[PATCH] D78933: [analyzer] RangeConstraintManager optimizations in comparison expressions

Wed May 6 05:20:32 PDT 2020

xazax.hun added inline comments.

================
Comment at: clang/lib/StaticAnalyzer/Core/RangeConstraintManager.cpp:588
+  // AnyX2 means that two expressions marked as `Any` are met in code,
+  // and there is a special column for that, for example:
+  // if (x >= y)
----------------
I have really hard time processing how to interpret `AnyX2`.
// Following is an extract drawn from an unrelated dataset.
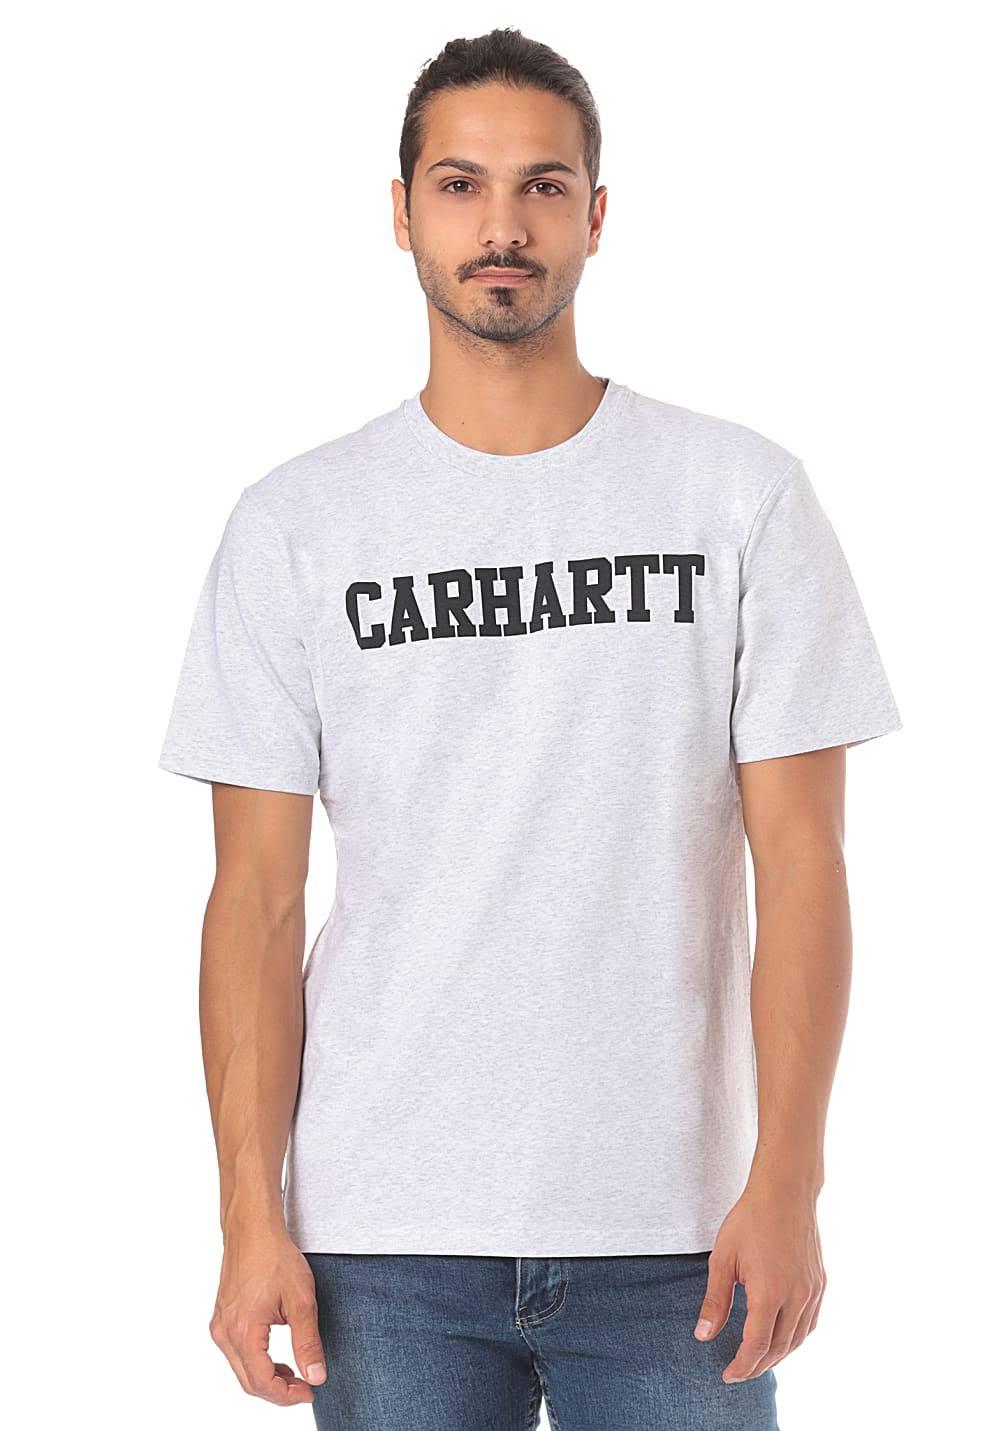 Men's Ashheather Wip Carhartt darknavy College S tsdhQxrCB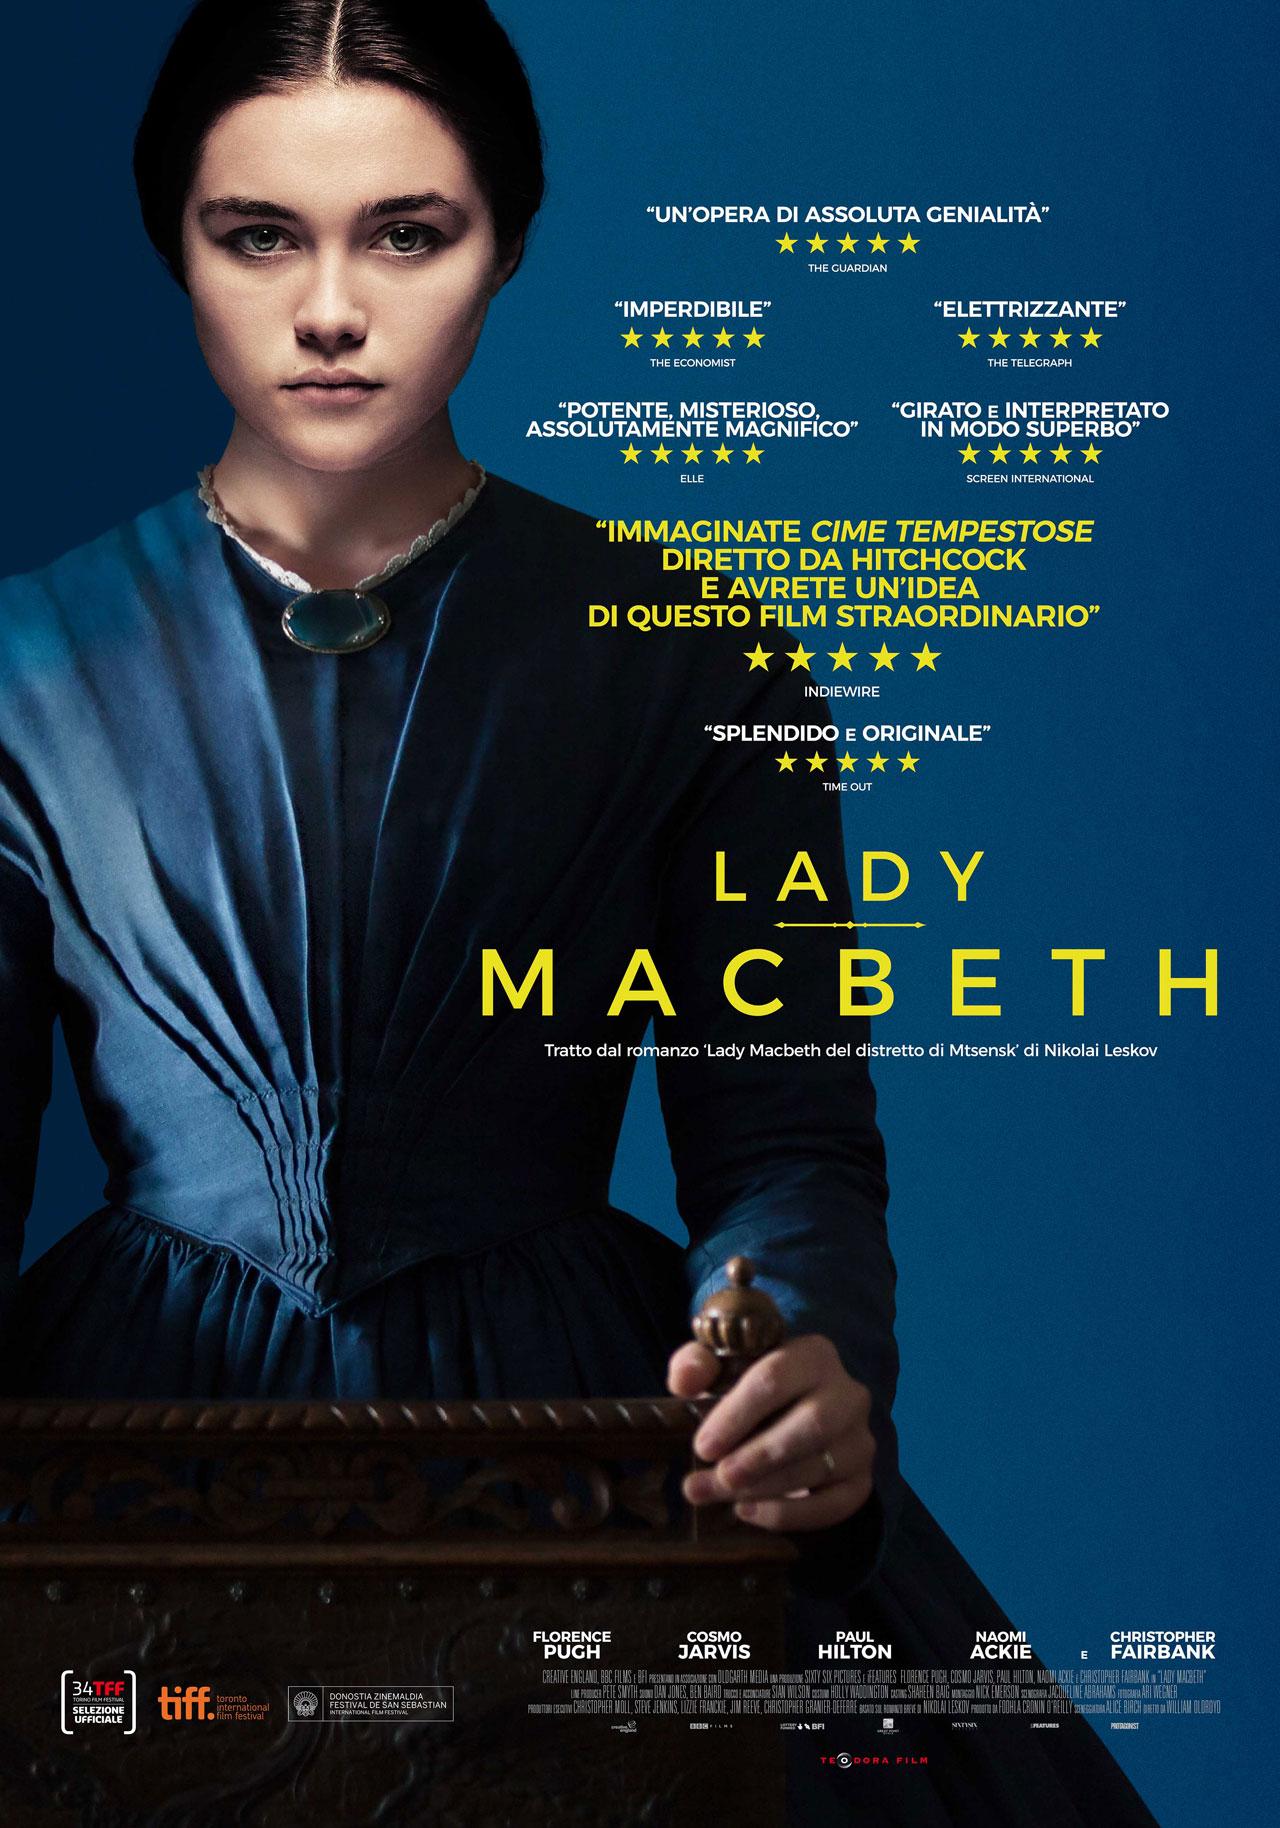 Macbeth 2021 Film

For example in the code below:
```
   if (x >= y)
     if (x != y)
       if (x <= y)
         return false
```

```
   if (x >= y)
     if (x == y)
       if (x <= y)
         return true
```

We would get different results for `<=`. So I do not really get how I should read the `AnyX2` column.

================
Comment at: clang/lib/StaticAnalyzer/Core/RangeConstraintManager.cpp:622
+  auto IndexOP = IndexFromOp(OP);
+  auto LHS = SSE->getLHS();
+  auto RHS = SSE->getRHS();
----------------
Could `LHS` and `RHS` be other expressions? Does it make sense to continue executing this function if one of them is not a simple symbol?

================
Comment at: clang/lib/StaticAnalyzer/Core/RangeConstraintManager.cpp:629-630
+  auto &One = BV.getValue(1, T);
+  const RangeSet TrueRangeSet(F, One, One);
+  const RangeSet FalseRangeSet(F, Zero, Zero);
+  int AnyStates = 0;
----------------
ASDenysPetrov wrote:
> Folk, is this a good idea to explicitly create bool ranges as a return value?
> As for me, comparisons like `>`, `<`, etc. can only produce bool-based ranges, otherwise it would be weird.
I think modeling booleans with ranges is OK. This is what the analyzer is doing at the moment. But I guess the question is about whether boolean results of comparisons is a good way to store the relationships between the symbols. I am not convinced about that see my inline comment below.

================
Comment at: clang/lib/StaticAnalyzer/Core/RangeConstraintManager.cpp:635
+
+    // Let's find an expression e.g. (x < y).
+    OP = OpFromIndex(i);
----------------
I am not really familiar with how constraints are represented but I vaguely recall the analyzer sometimes normalizing some expressions like conversion `A == B` to `A - B == 0`. I am just wondering if this API to look this expression up is not the right abstraction as it might be better to handle such normalizations in a unified, central way.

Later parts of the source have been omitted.